Но женщина милосердна, как медицинская сестра на поле боя, она знает, наверняка знает, что я забыл свою фамилию, ей ведь, каждый день приходится иметь дело с такими болванами, как я, и она не спрашивает, как моя фамилия, а что-то сосредоточенно записывает в толстенькую Книгу Судеб, в которой отныне и присно и во веки веков мы с Лидкой будем числиться под определенным инвентарным номером, и эта Книга будет храниться под замком за семью печатями в одном из таинственных плоских шкафов, незыблемая, как сама земля.
Трах! Трах!
Нет, это не страшная катастрофа, повергшая в пучину легендарную Атлантиду, и не испытания термоядерного оружия — это Властительница Человеческих Судеб обрушивает на наши паспорта — потрепанный мой и новенький Лидин — высший знак своего могущества: Резиновый Штамп. Он соединяет уже соединенное, закрепляет давно свершившееся, освящает буквой и духом закона то, что стало фактом жизни, — могущественный и смешной Резиновый Штамп, который придумали люди с каучуковыми сердцами.
— Поздравляю вас, молодые люди, желаю вам счастья и любви.
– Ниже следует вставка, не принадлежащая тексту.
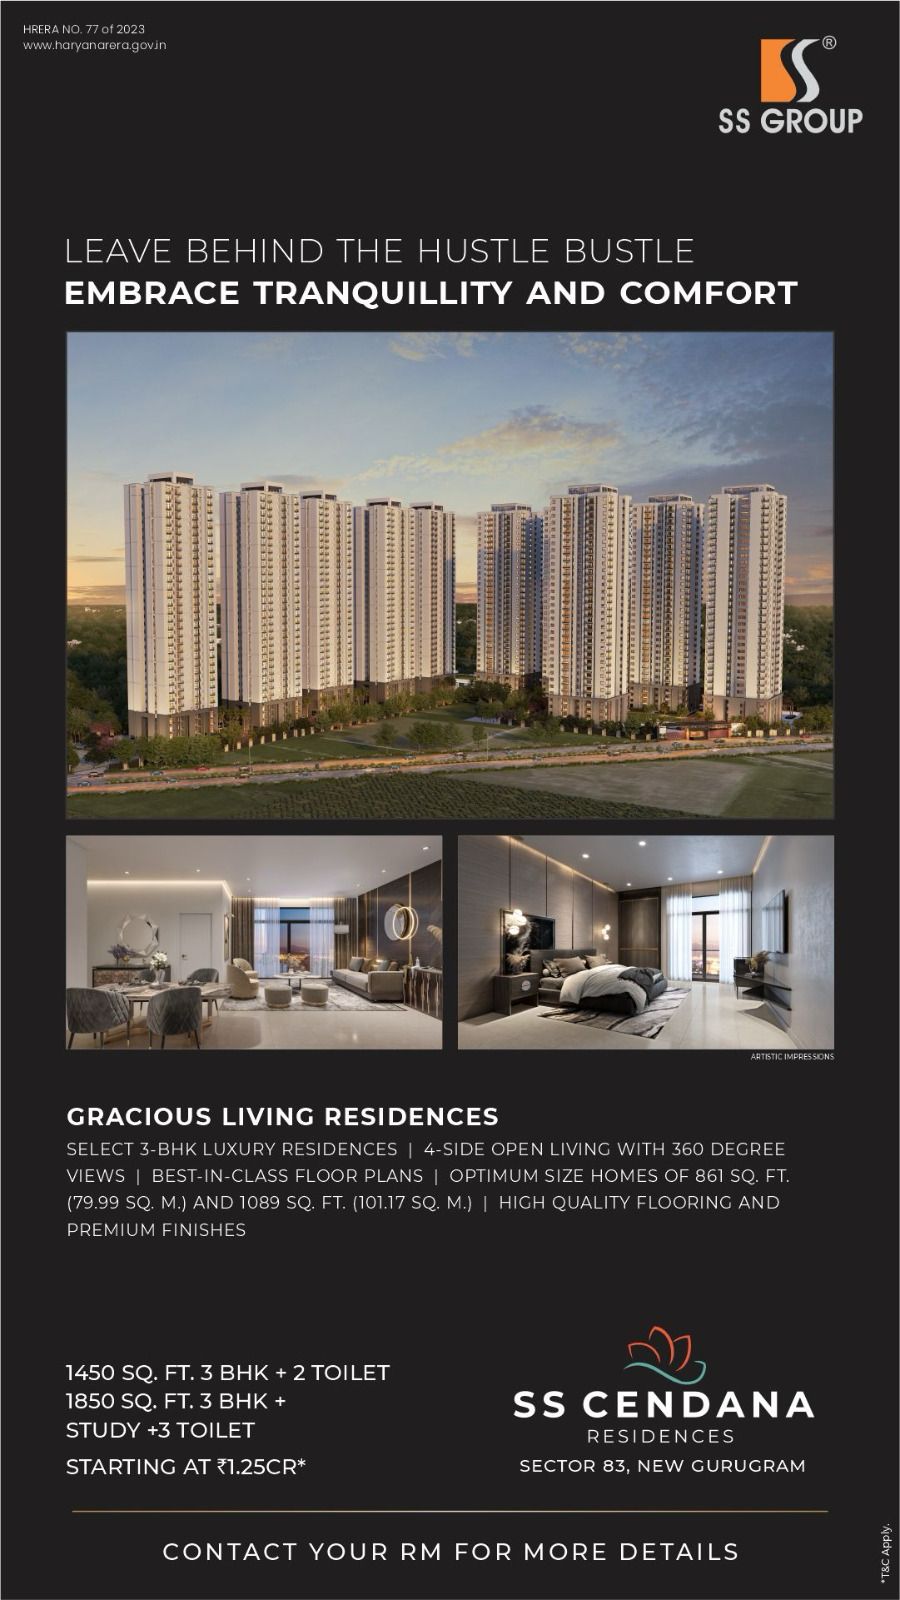 Leave behind the hustle bustle embrace tranquillity and comfort at SS Cendana Residence in Sector 83, Gurgaon Update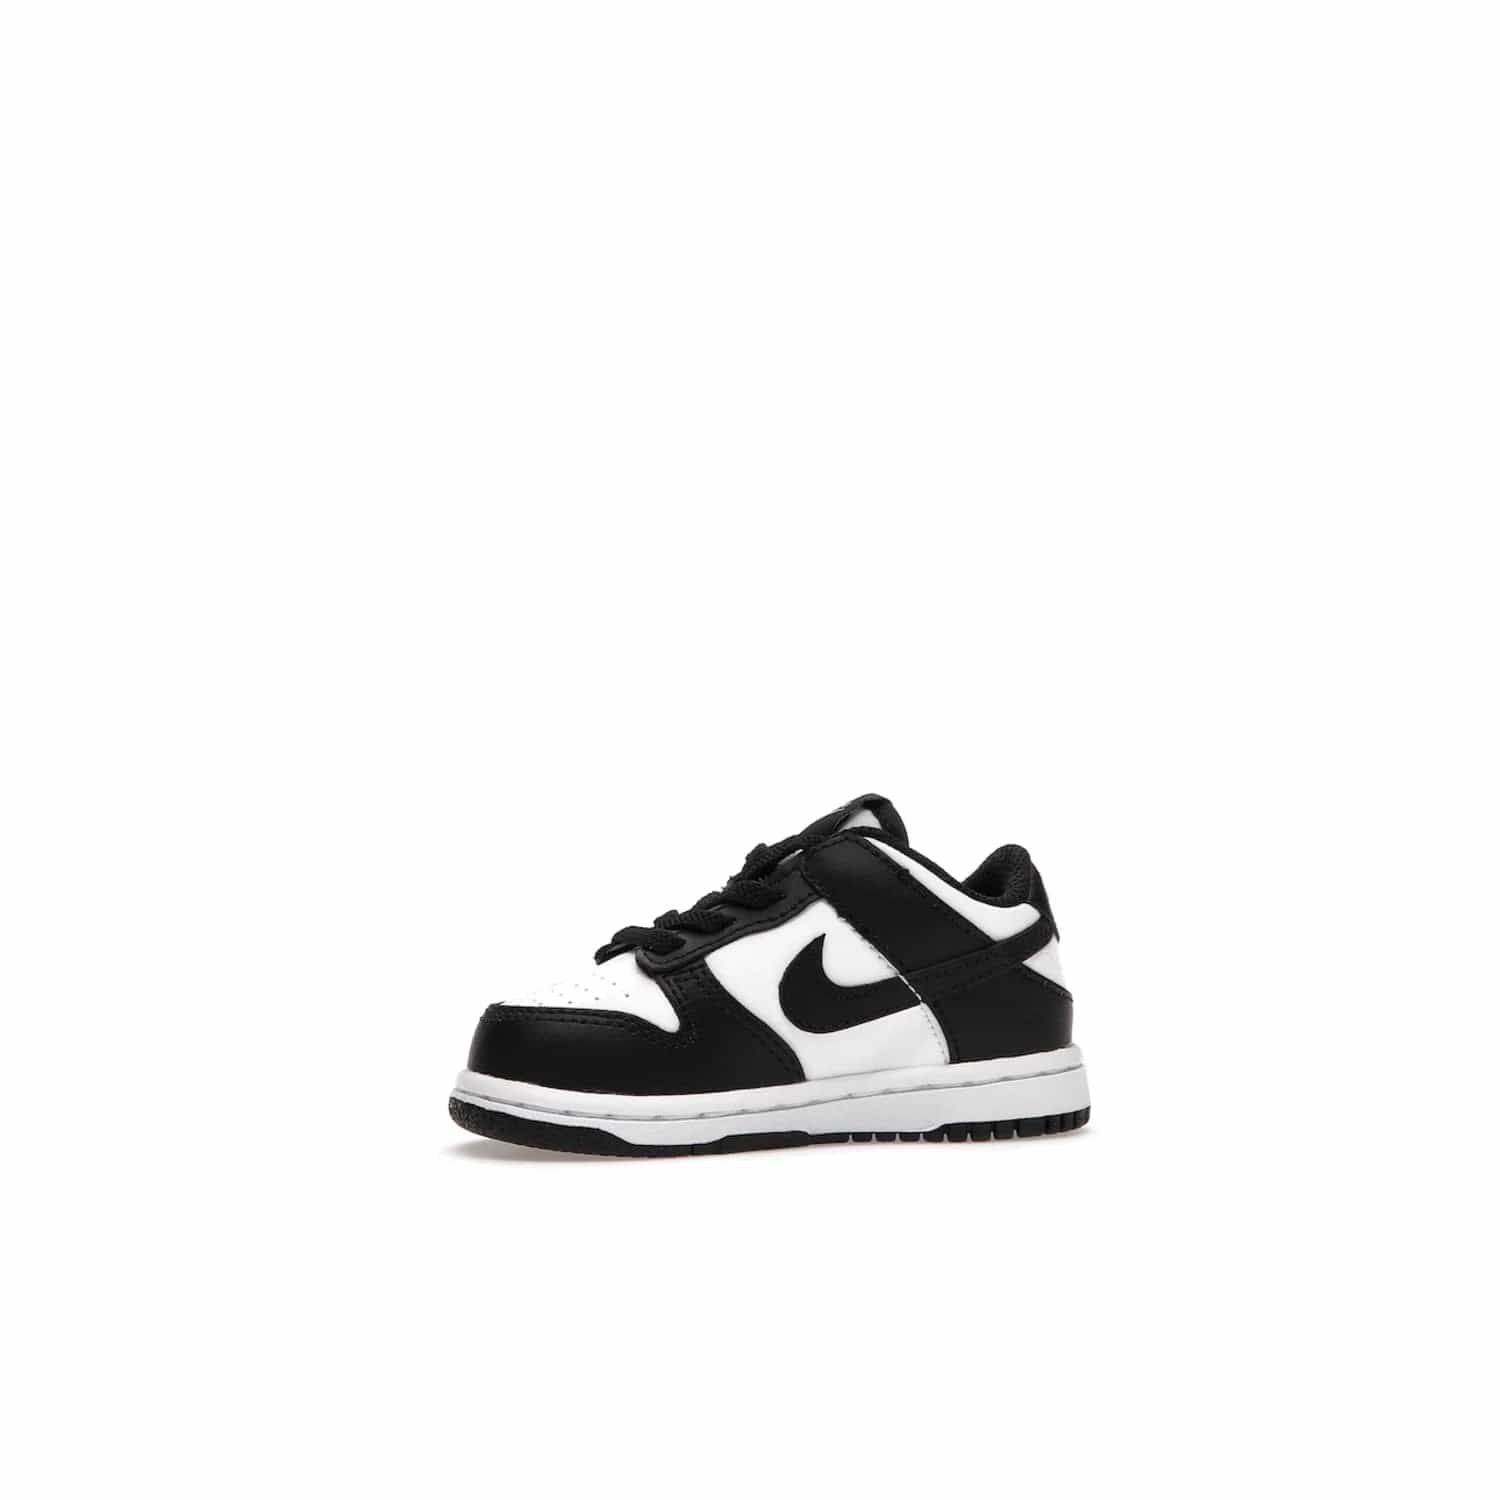 Nike Dunk Low Retro White Black Panda (2021) (TD) - Image 17 - Only at www.BallersClubKickz.com - The perfect blend of classic style and modern style, the Nike Dunk Low Retro White Black (TD) toddler shoe has a soft leather upper, white midsole, and black outsole. Signature Swoosh branding and lightly padded tongue give it timeless Nike style. Released in March 2021.

Она немногословна и деловита, эта гладко причесанная женщина, в маленькой прихожей у нее — целая очередь жаждущих любви и счастья, и она щедро, как добрая фея из сказок Андерсена, наделяет любовью и счастьем пунцовых от смущения чудаков и чудачек, которые тоже желают быть занесенными в Книгу Судеб под определенным инвентарным номером. Она наделяет счастьем и любовью всех подряд: рыжих и белобрысых, работяг и подхалимов, сквалыг и бессребреников, доходяг и здоровяков, по всем паспортам с одинаковой энергией бахает ее Резиновый Штамп — этакое поточное производство самого дефицитного на свете товара — счастья и любви, и не ее вина, что потом кто-то сочтет этот сверхдефицитный товар никчемным хламом или убедится, что блестящая целлофановая упаковка, мягко говоря, не соответствует содержимому, или просто не по зубам, не по сердцу окажется орешек, — это не ее вина, она всем желает любви и счастья устало-равнодушным голосом. И скажите мне, пожалуйста, в какое сравнение могут идти всякие кимвалы и литавры древности и гнусавые песнопения попов с жестким стуком ее Резинового Штампа!